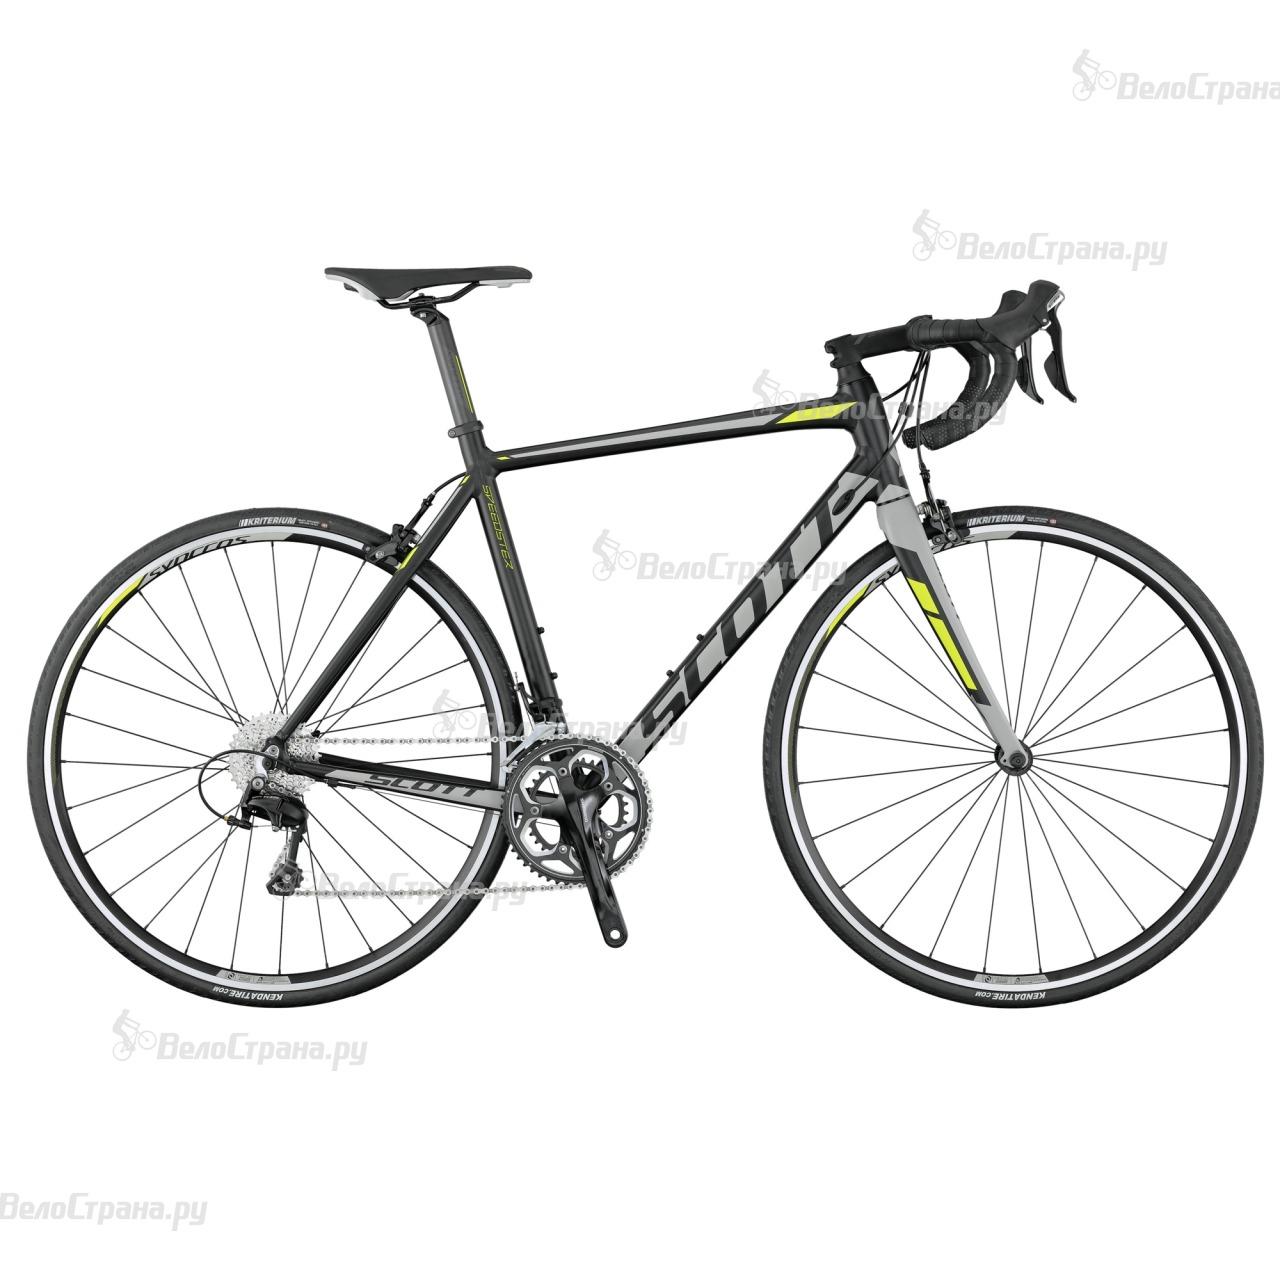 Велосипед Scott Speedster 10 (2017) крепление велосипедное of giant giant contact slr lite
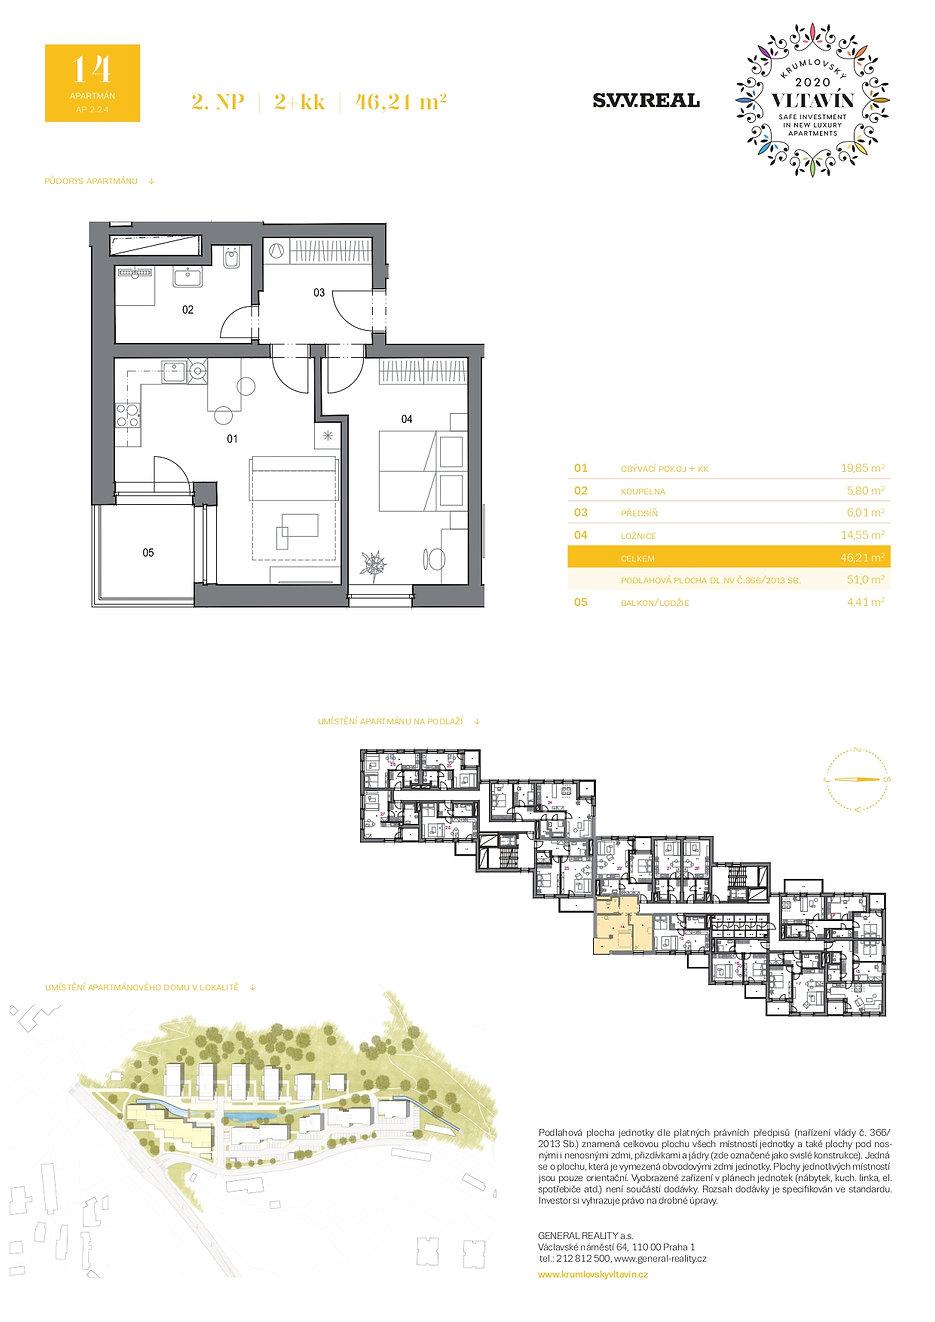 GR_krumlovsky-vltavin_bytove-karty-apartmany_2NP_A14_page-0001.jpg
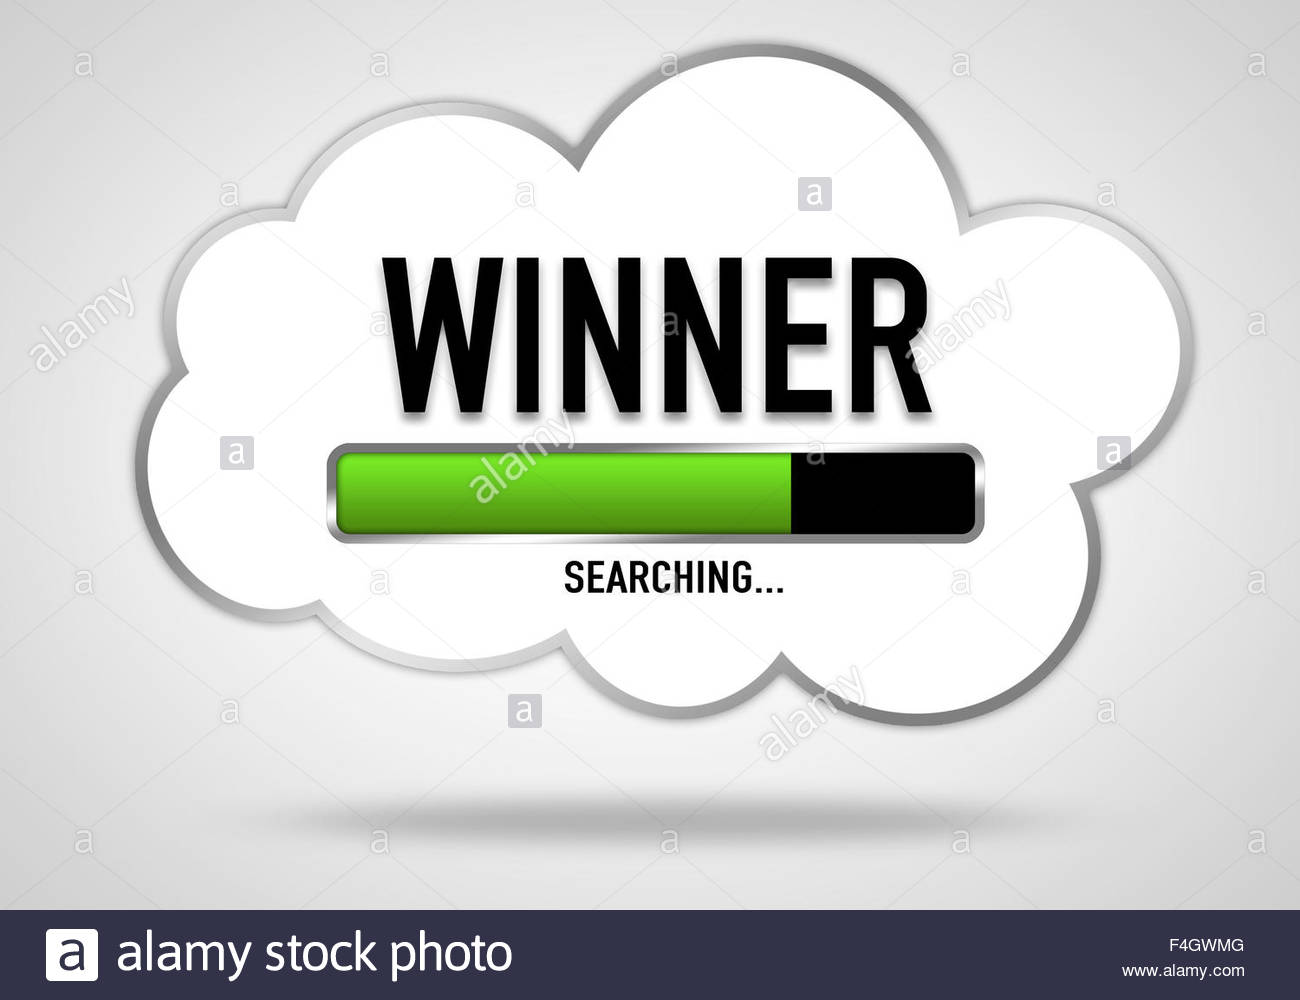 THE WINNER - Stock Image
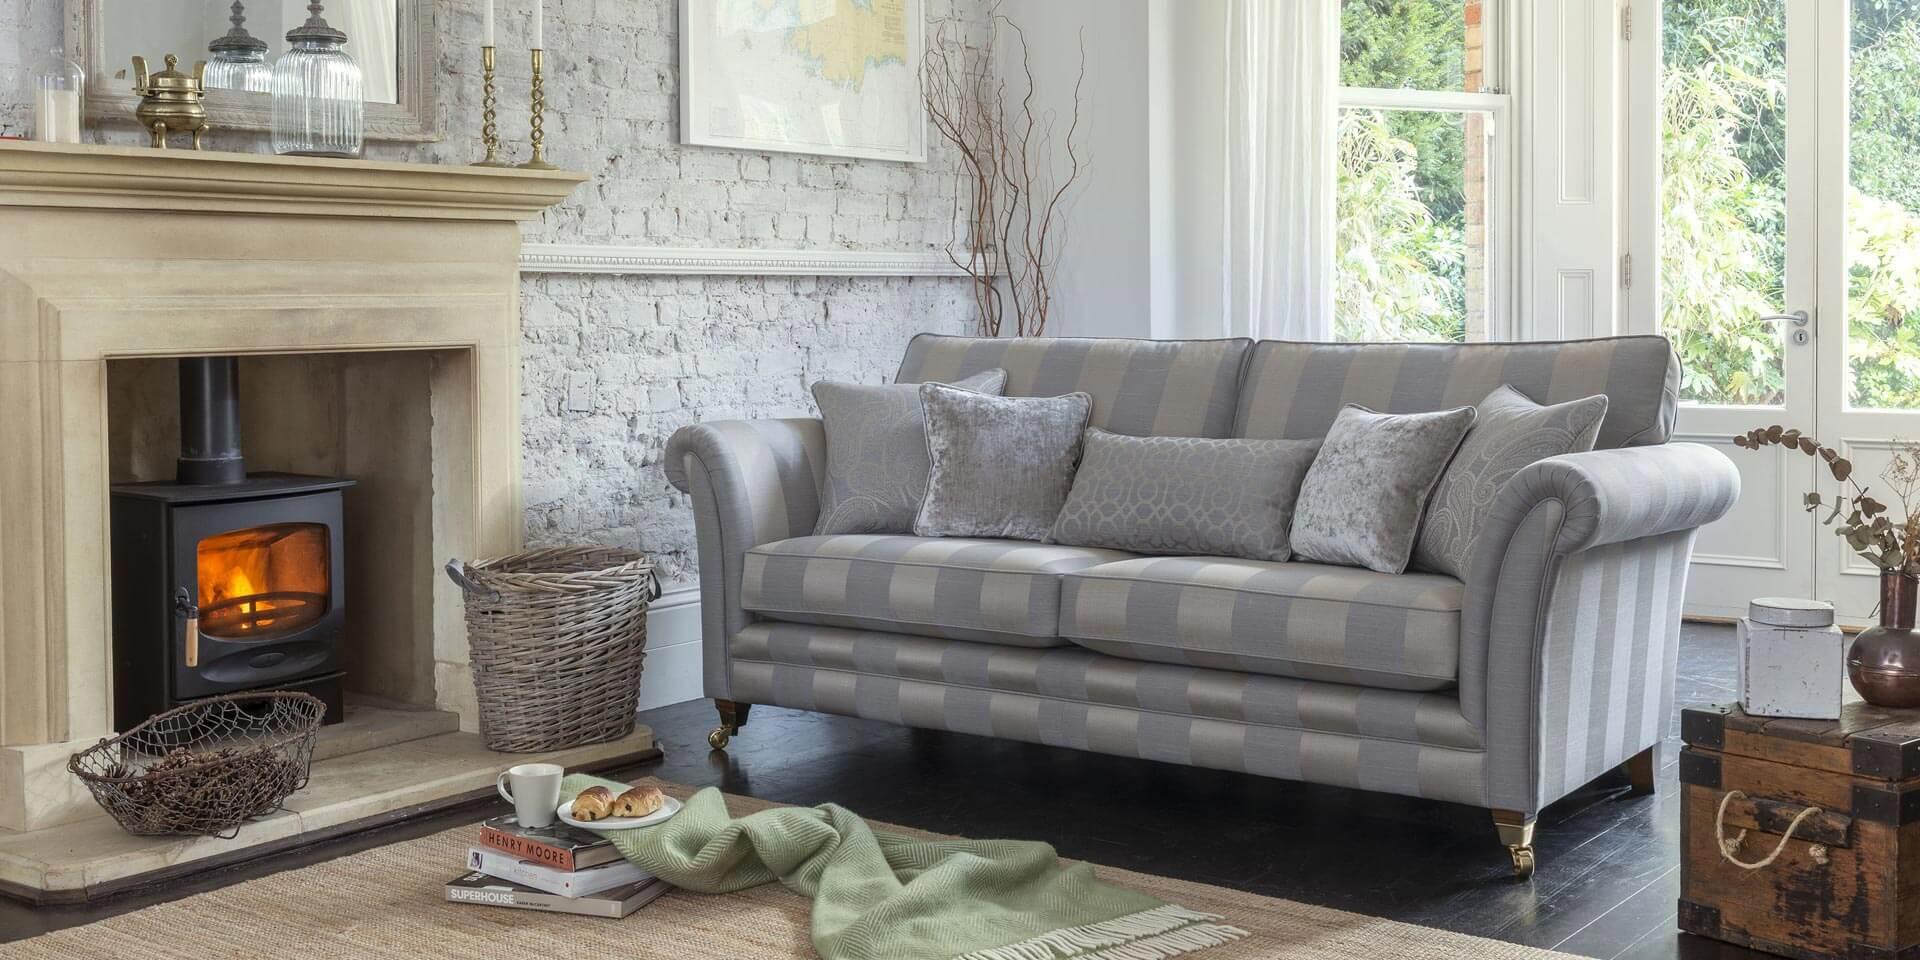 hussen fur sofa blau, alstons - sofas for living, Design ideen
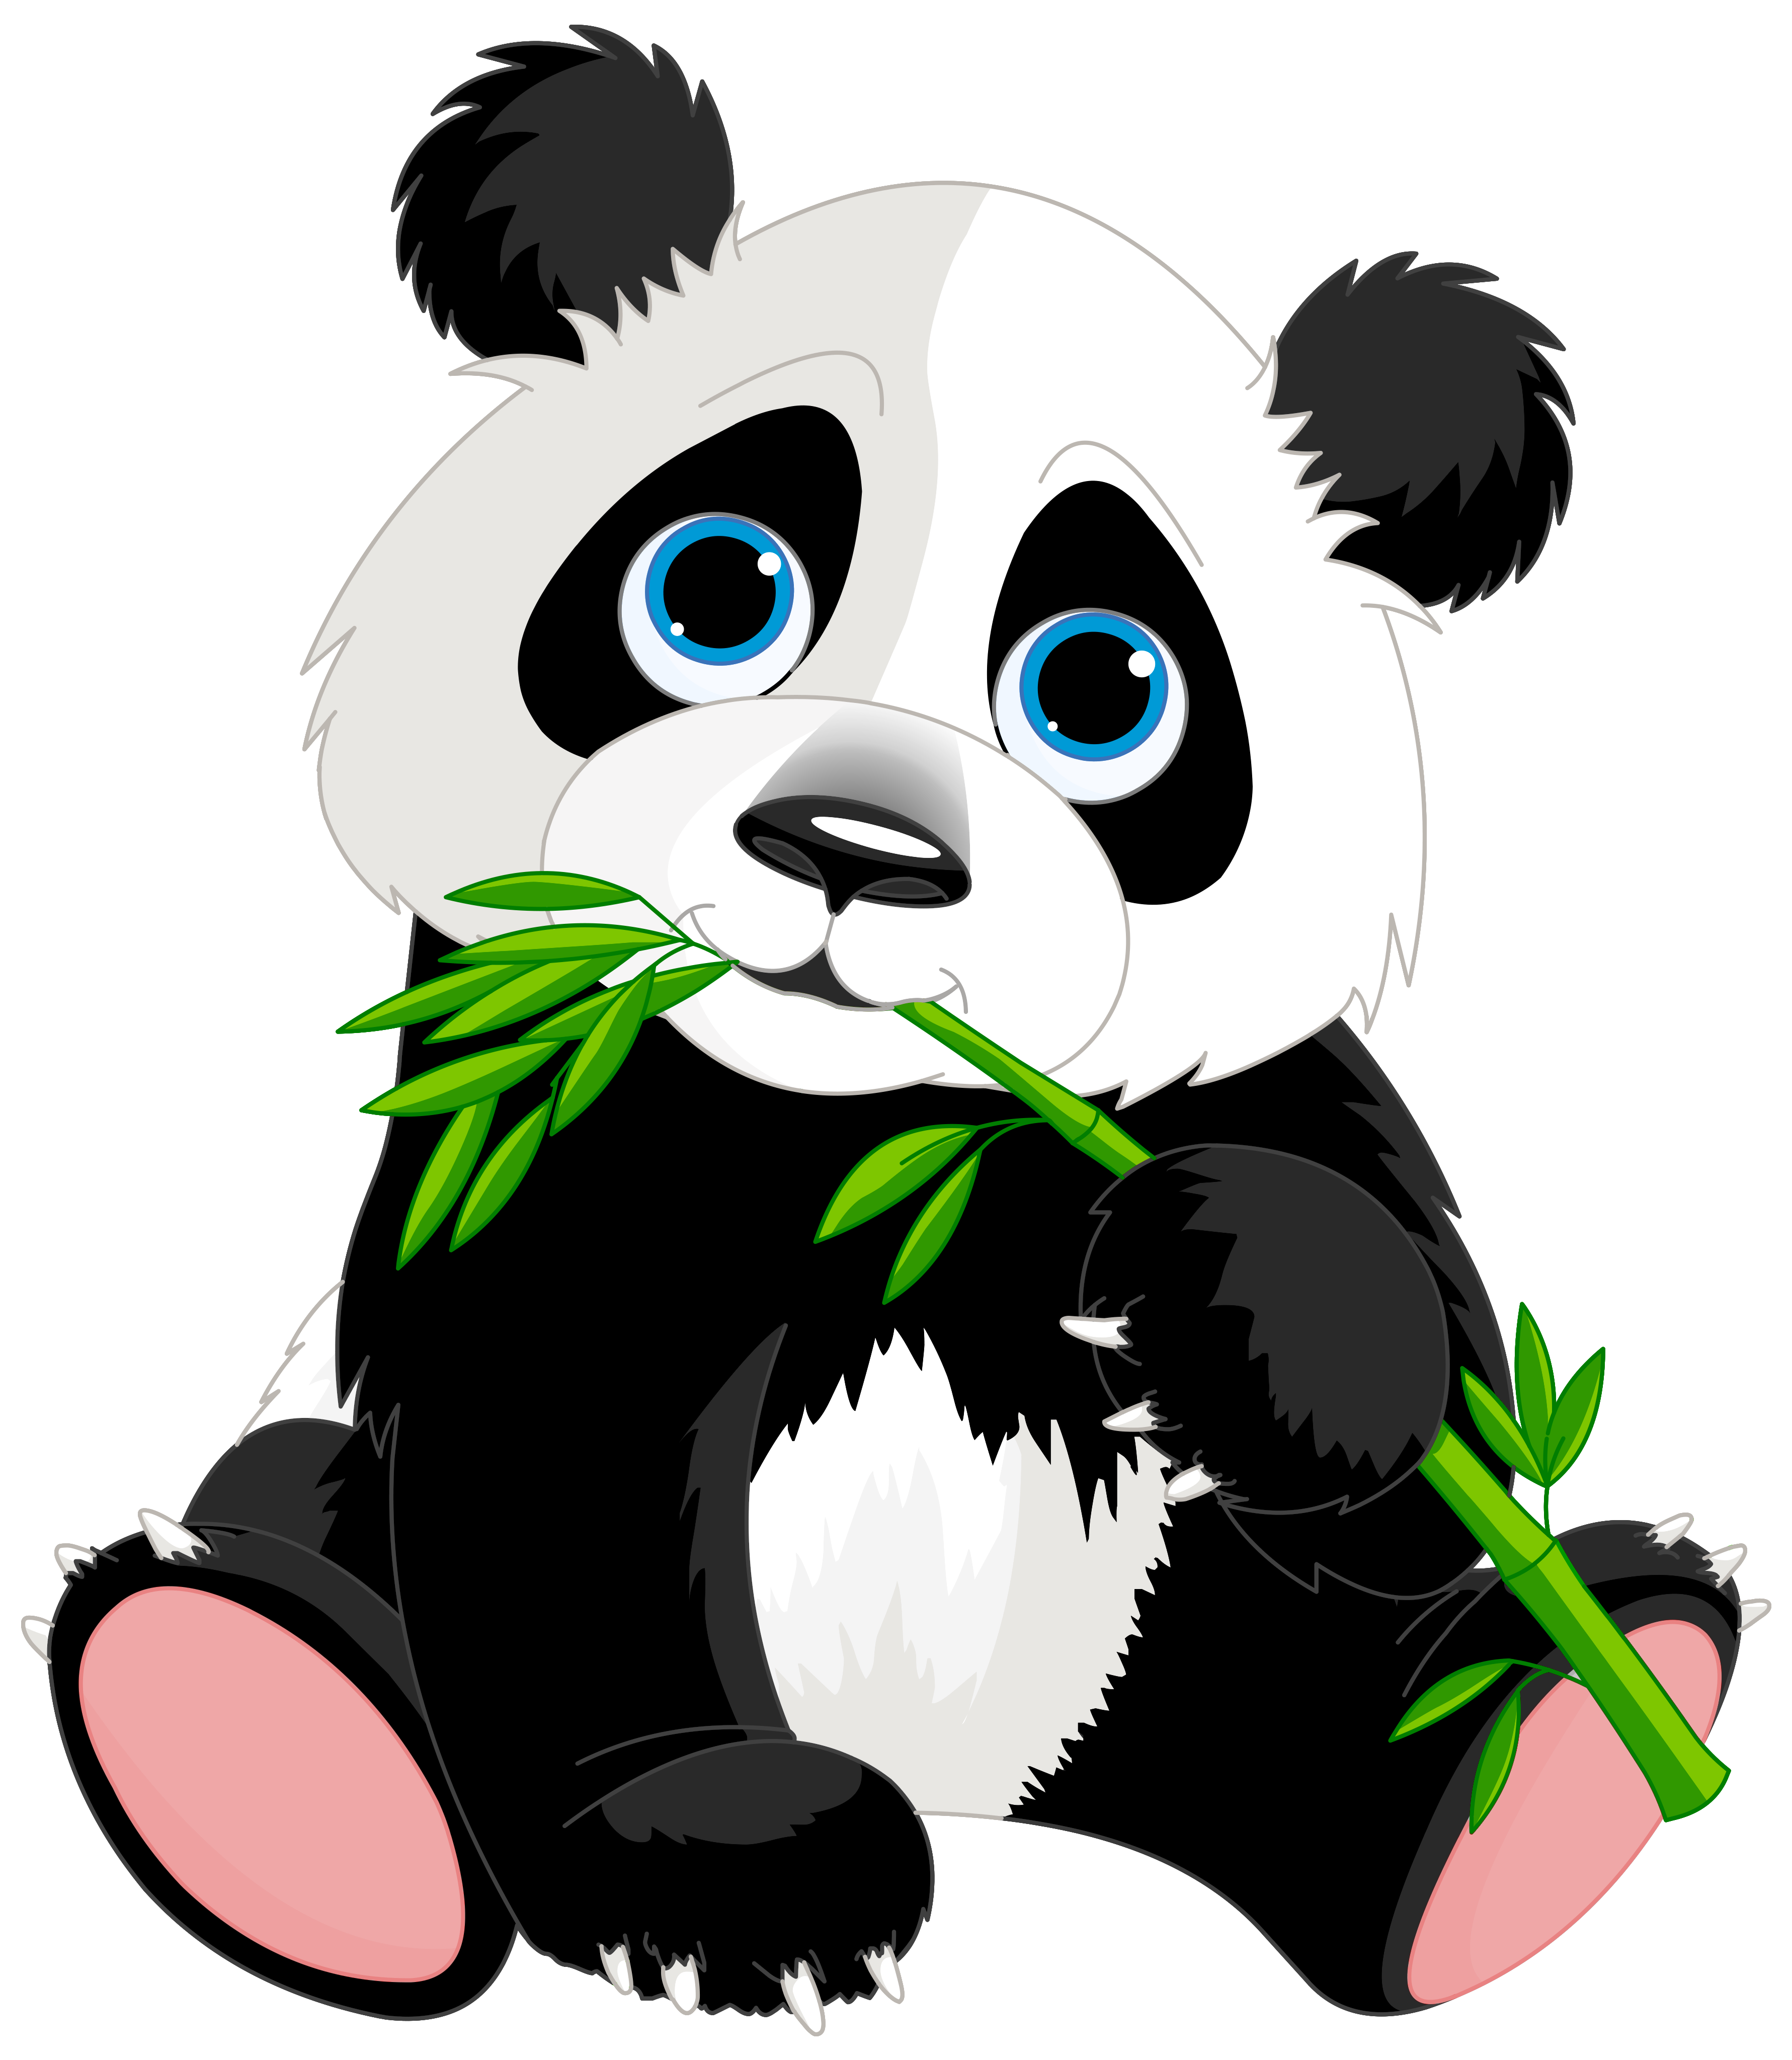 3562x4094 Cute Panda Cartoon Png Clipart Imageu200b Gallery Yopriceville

### What is being asked
Write the lines from the line containing "THE WINNER - Stock Image" through the last line of the data out again exactly, and only those lines; pictures stay out.

### Result
 THE WINNER - Stock Image
 hussen fur sofa blau, alstons - sofas for living, Design ideen
 3562x4094 Cute Panda Cartoon Png Clipart Imageu200b Gallery Yopriceville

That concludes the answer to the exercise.